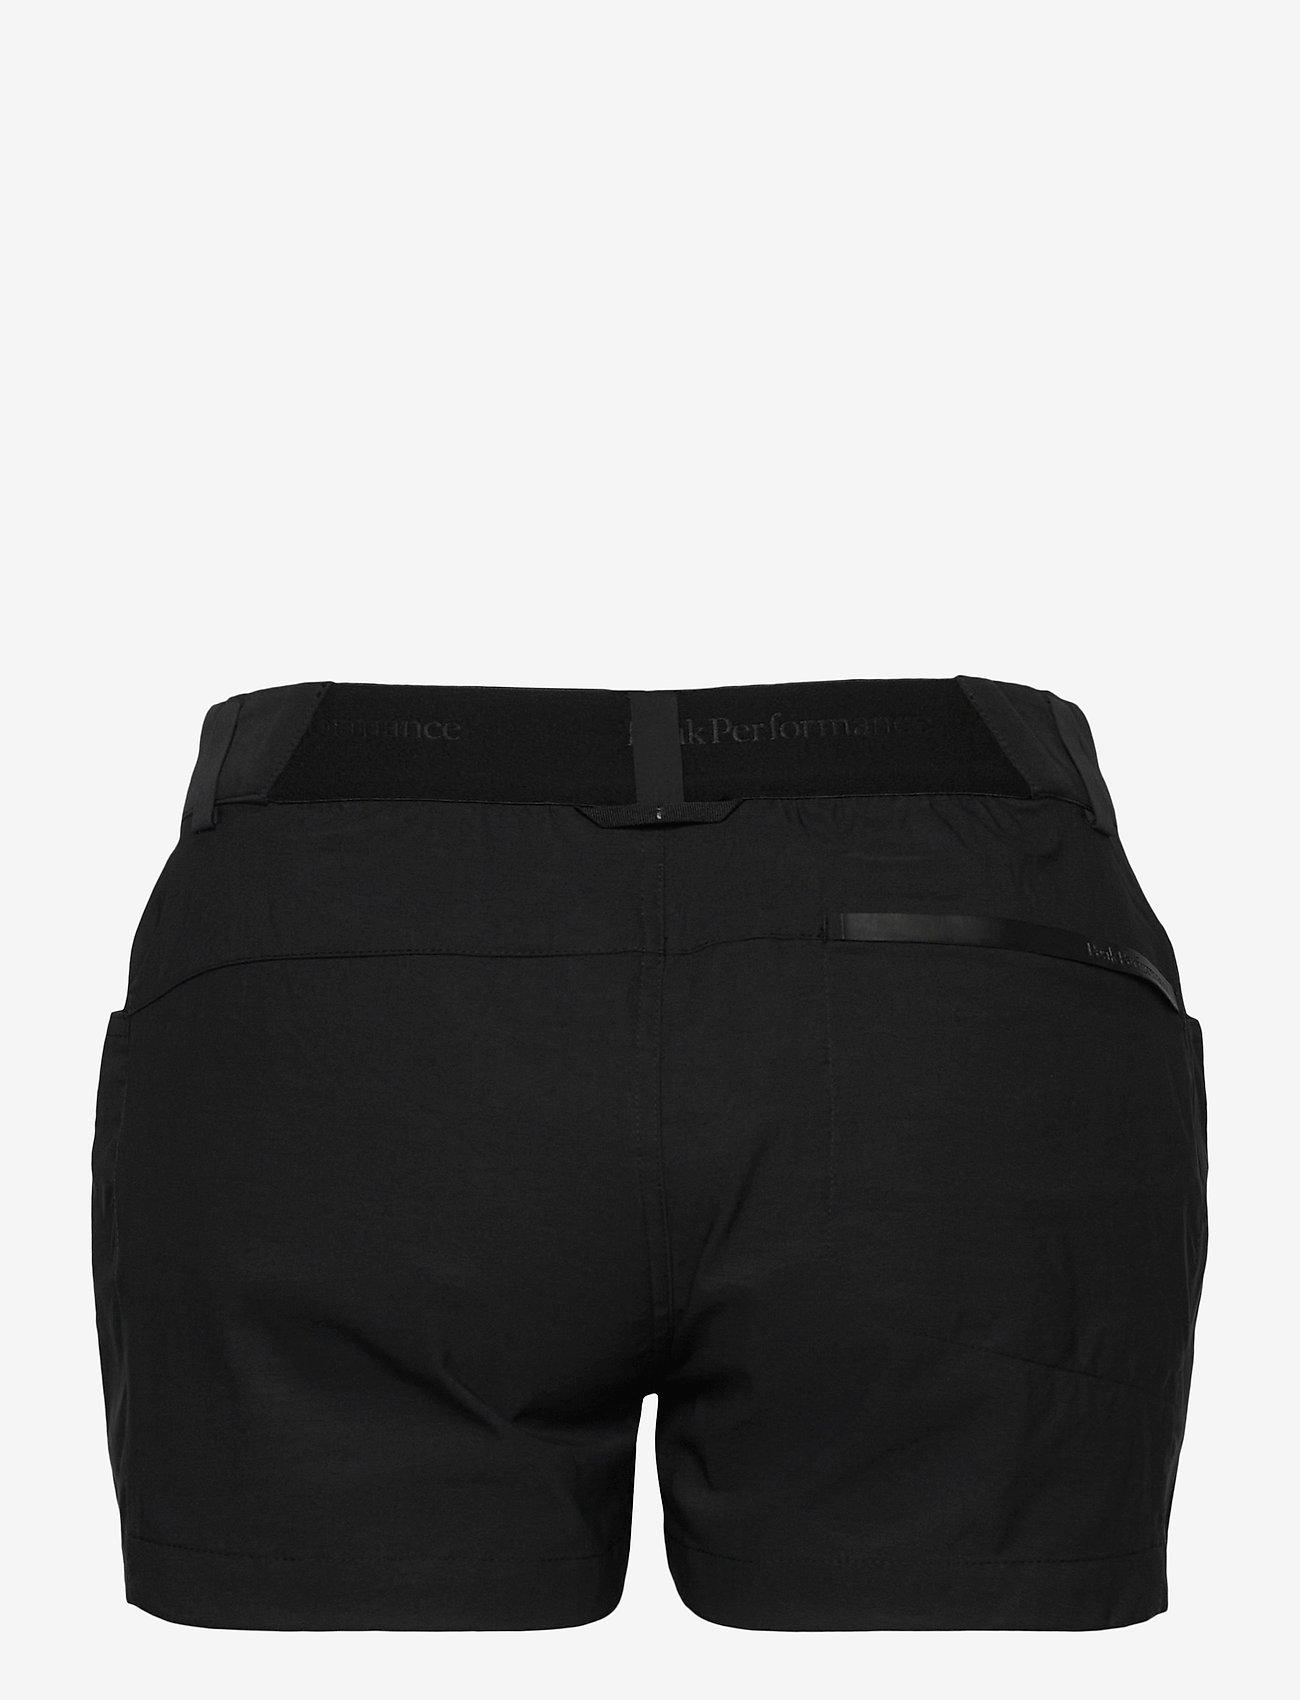 Peak Performance - W Iconiq Shorts - wandel korte broek - black - 1
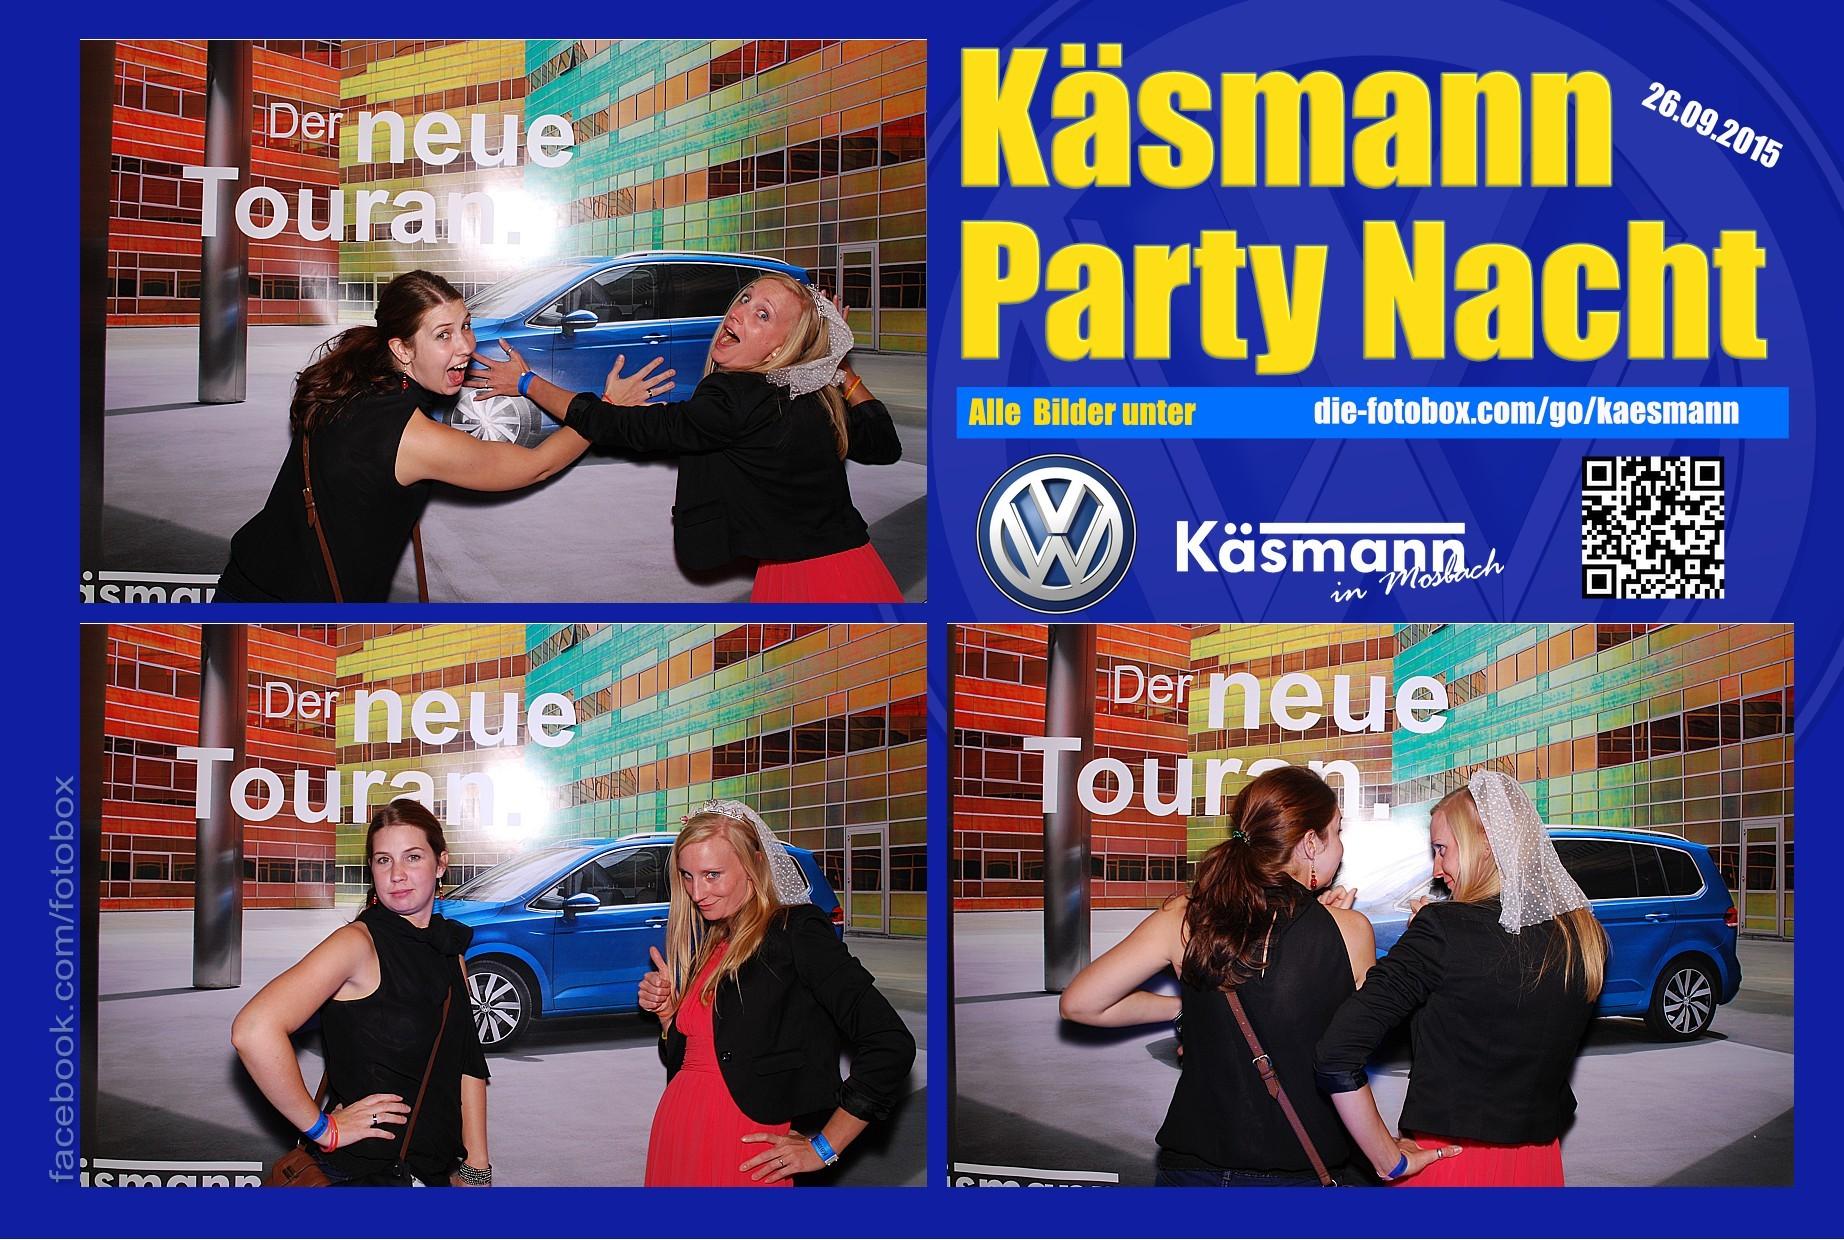 Käsmannparty 2015 - www.die-fotobox.com 01024
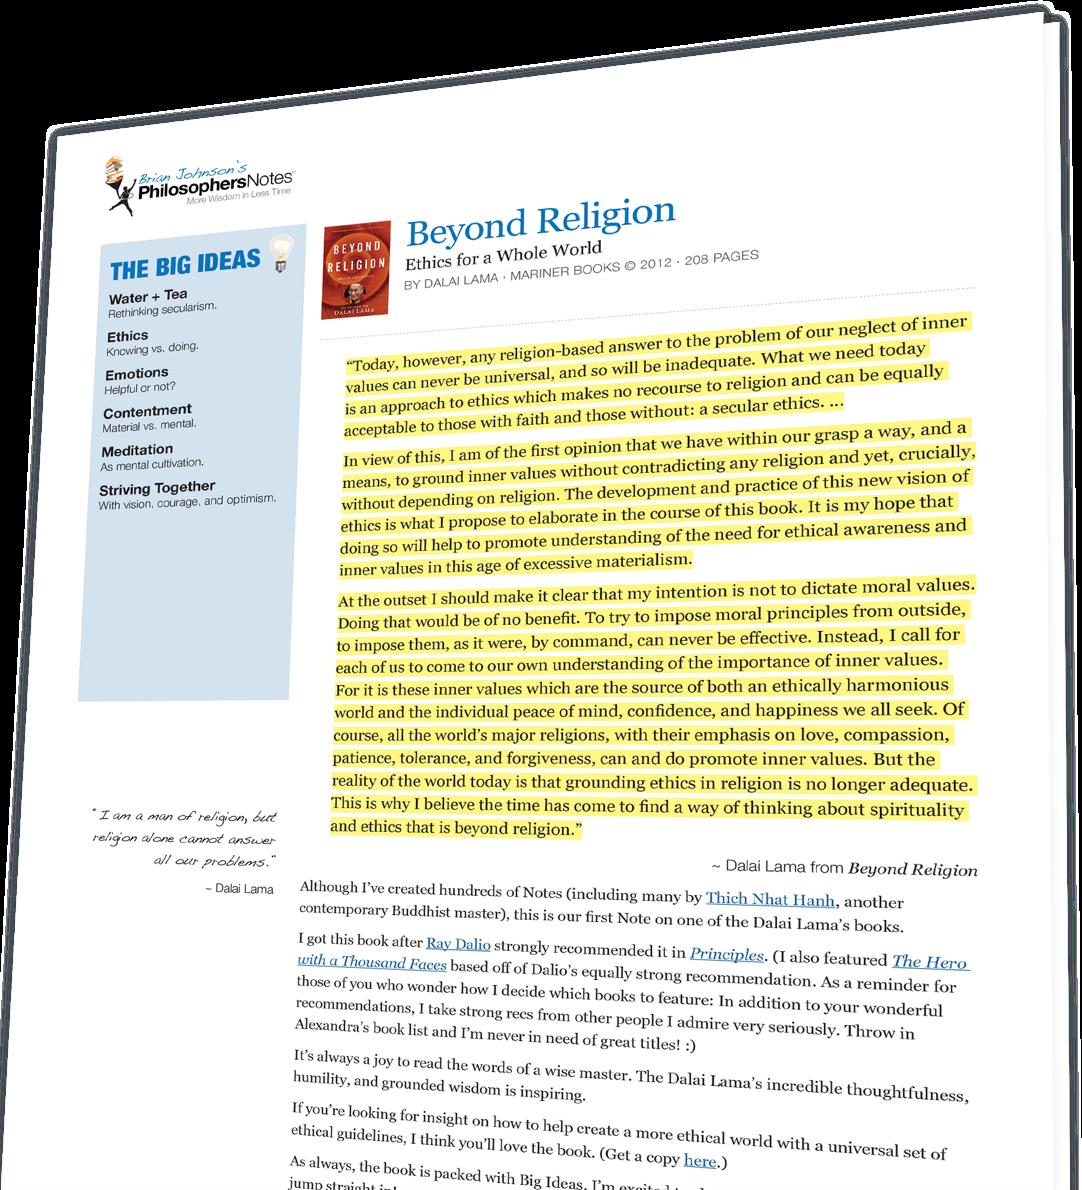 Beyond Religion by Dalai Lama - PhilosophersNotes | Optimize
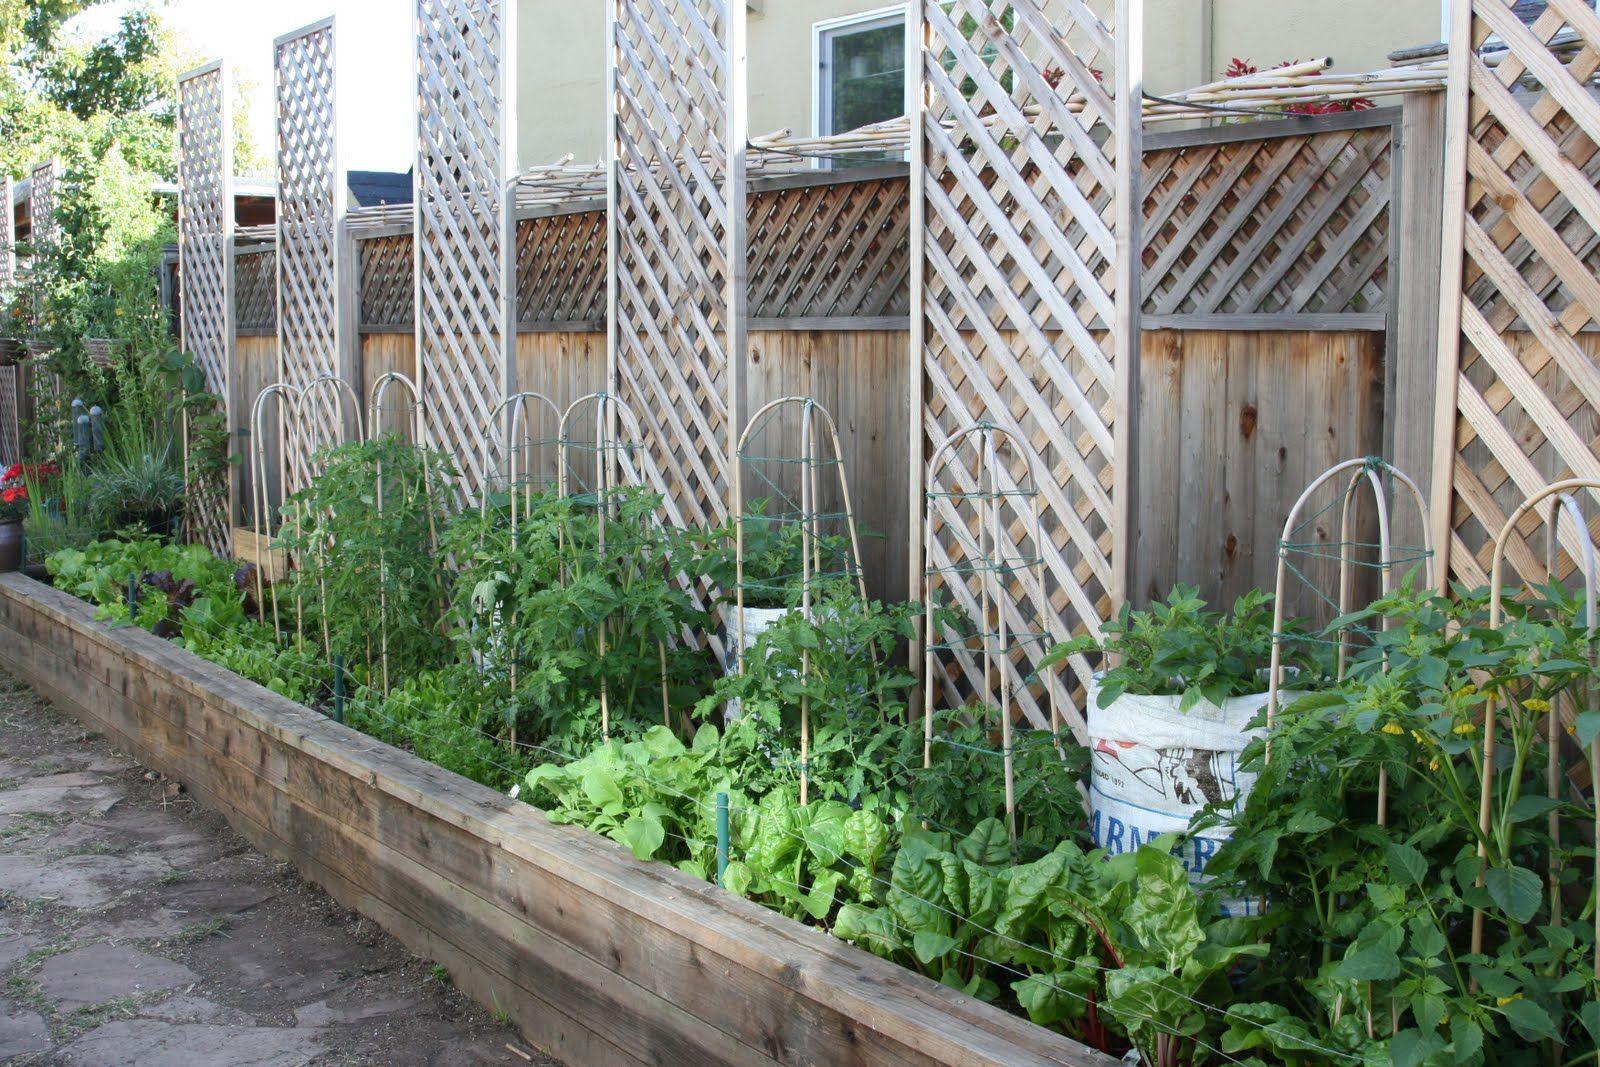 Raised beds along a fence Backyard

■ TASK:
Line by line and exactly, reproduce the span from the line with "Beyond Religion by" through the end of the data above, both ends included, with pictures left out.

■ ANSWER TO THIS EXERCISE:
 Beyond Religion by Dalai Lama - PhilosophersNotes | Optimize
 Raised beds along a fence Backyard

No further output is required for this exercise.